Background information
- Born: October 8, 1982 (age 43) Budapest, Hungary
- Genres: Jazz, alternative rock
- Occupation: Singer
- Years active: 2005–present
- Website: www.harcsaveronika.hu

= Veronika Harcsa =

Veronika Harcsa (born October 8, 1982, in Budapest, Hungary) is a Hungarian jazz singer and songwriter, known to be active in various musical genres. She has received the Hungarian Music Award for Best Jazz Album and Best Alternative Album.

==Career==
Harcsa began studying at Budapest University of Technology and Economics before switching to the Liszt Academy of Music, graduating in 2008. She earned her master's degree in 2014 from the Royal Conservatory of Brussels.

Her current main project is a duo with guitar player Balint Gyémánt. The duo attended the 2015 Jazzahead! meeting in Europe. Their second album, Tell Her, was released on Traumton Records in February 2017 to critical acclaim.

Veronika founded her first jazz band, a quartet, in 2005. Between 2006 and 2011, the group released four albums, two of which reached the top of the vocal jazz charts at Tower Records in Japan. Alongside her jazz career, she has gained success within the alternative music scene in Hungary, collaborating with the Erik Sumo Band and the Pannonia Allstars Ska Orchestra. She also featured on two albums of the experimental electronic trio Bin-Jip and in a musical and literary project based on works by the Hungarian avant-garde poet Lajos Kassák. She was awarded "Best Voice of Budapest Fringe" at the Budapest Fringe Festival in 2007.

In 2014, she became a permanent artist-in-residence at the Valley of Arts Festival in Kapolcs, Hungary, where she is responsible for the jazz program of the ten-day annual festival.

In 2014–15, Harcsa ran a monthly concert series in Berlin, presenting guest musicians from the local scene, including David Friedman, Julia Hülsmann, Samuel Blaser and David Helbock.
In 2025 the album "Faces of Night" by David Helbock & Julia Hofer on ACT Music was released with Harcsa as a guest.

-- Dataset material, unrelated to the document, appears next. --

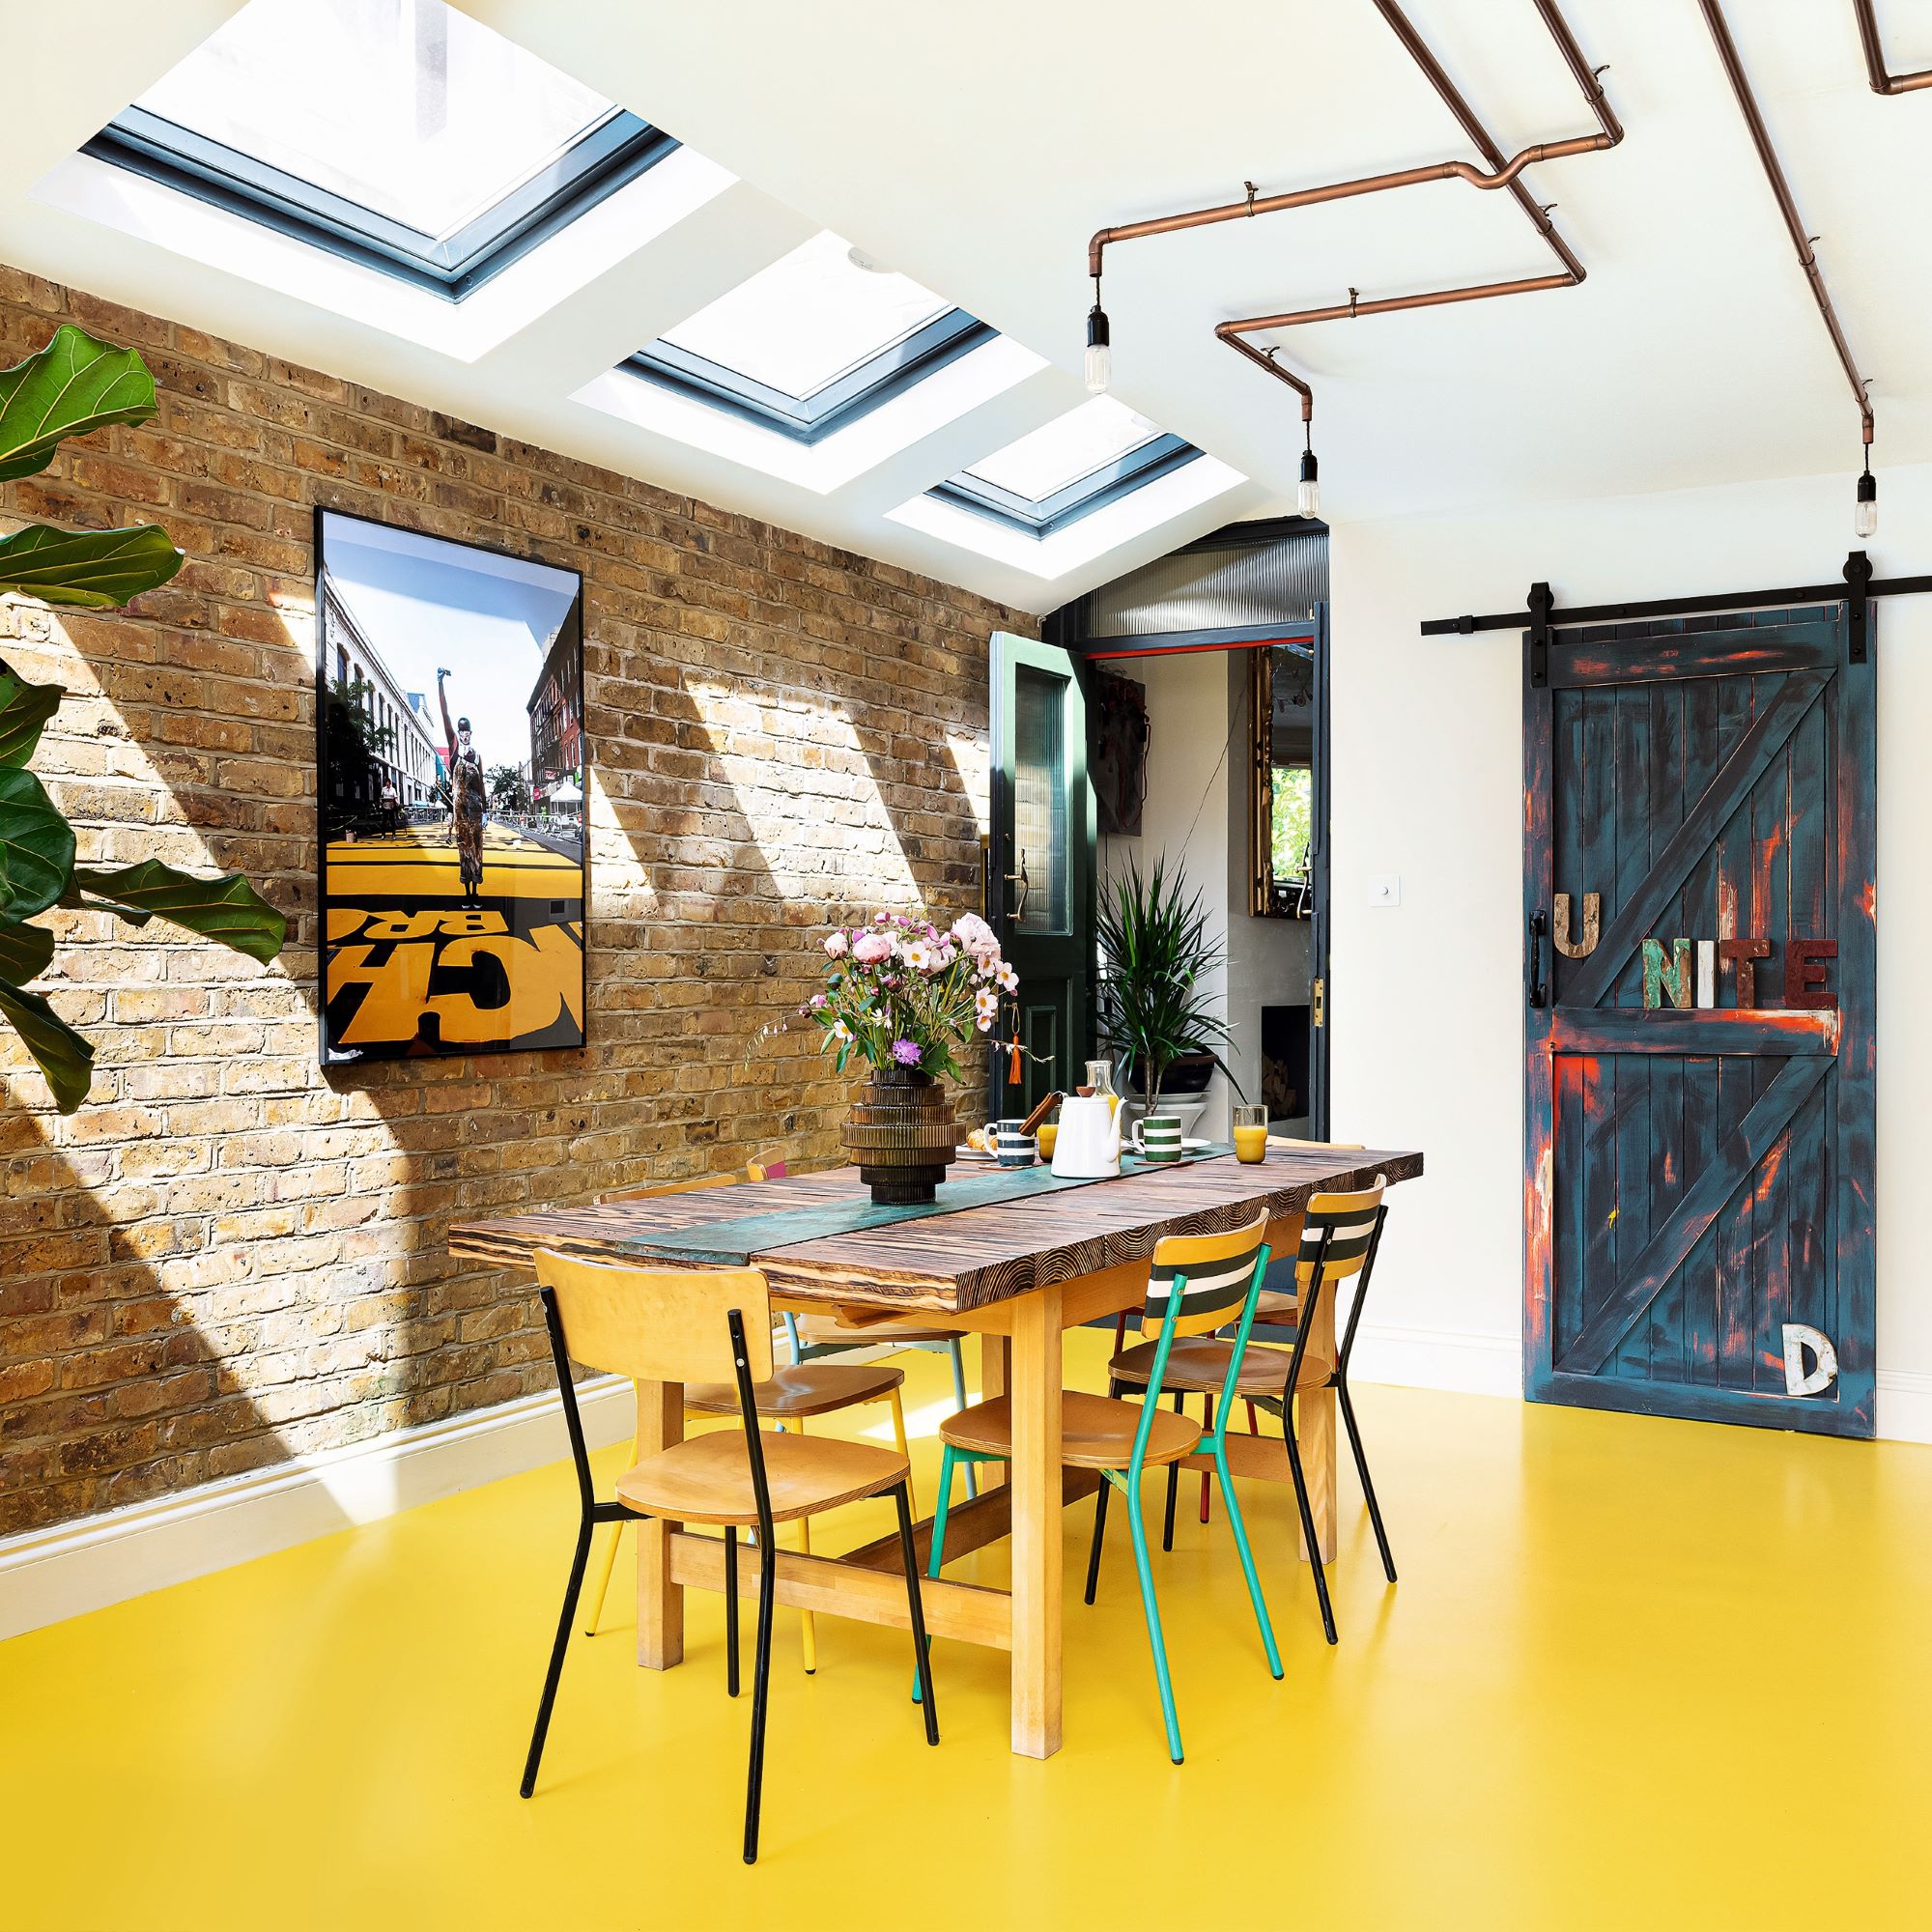 Yellow kitchen floor with brick and white wall under skylight

Harcsa has performed at festivals and clubs in over 25 countries worldwide. She has collaborated with Erik Truffaz, Enrico Pieranunzi, Kris Defoort, Nicola Conte, the Franz Liszt Chamber Orchestra, Concerto Budapest and many others.

==Discography==
- Harcsa Veronika: Speak Low (2005 self release HU and 2007 Nature Bliss, Japan)
- Harcsa Veronika: You Don't Know It's You (2008 self release HU and Nature Bliss, Japan)
- Harcsa Veronika: Red Baggage (2009 self release HU and Nature Bliss, Japan)
- Bin-Jip: Enter (2010 LAB6 Records HU and Whereabouts Records, Japan)
- Harcsa Veronika: Lámpafény (2011 self release HU and Whereabouts Records, Japan)
- Harcsa Veronika – Gyémánt Bálint: Lifelover (2014 Traumton Records)
- Bin-Jip: Live at the Planetarium (DVD and Blu-ray, 2014 self release HU)
- Bin-Jip: Heavy (2014 LAB6 Records HU and Whereabouts Records, Japan)
- Harcsa/Keszég/Márkos/Benkő/Pándi: Kassák (2015 self release HU)
- Harcsa Veronika – Gyémánt Bálint: Tell Her (2017 Traumton Records)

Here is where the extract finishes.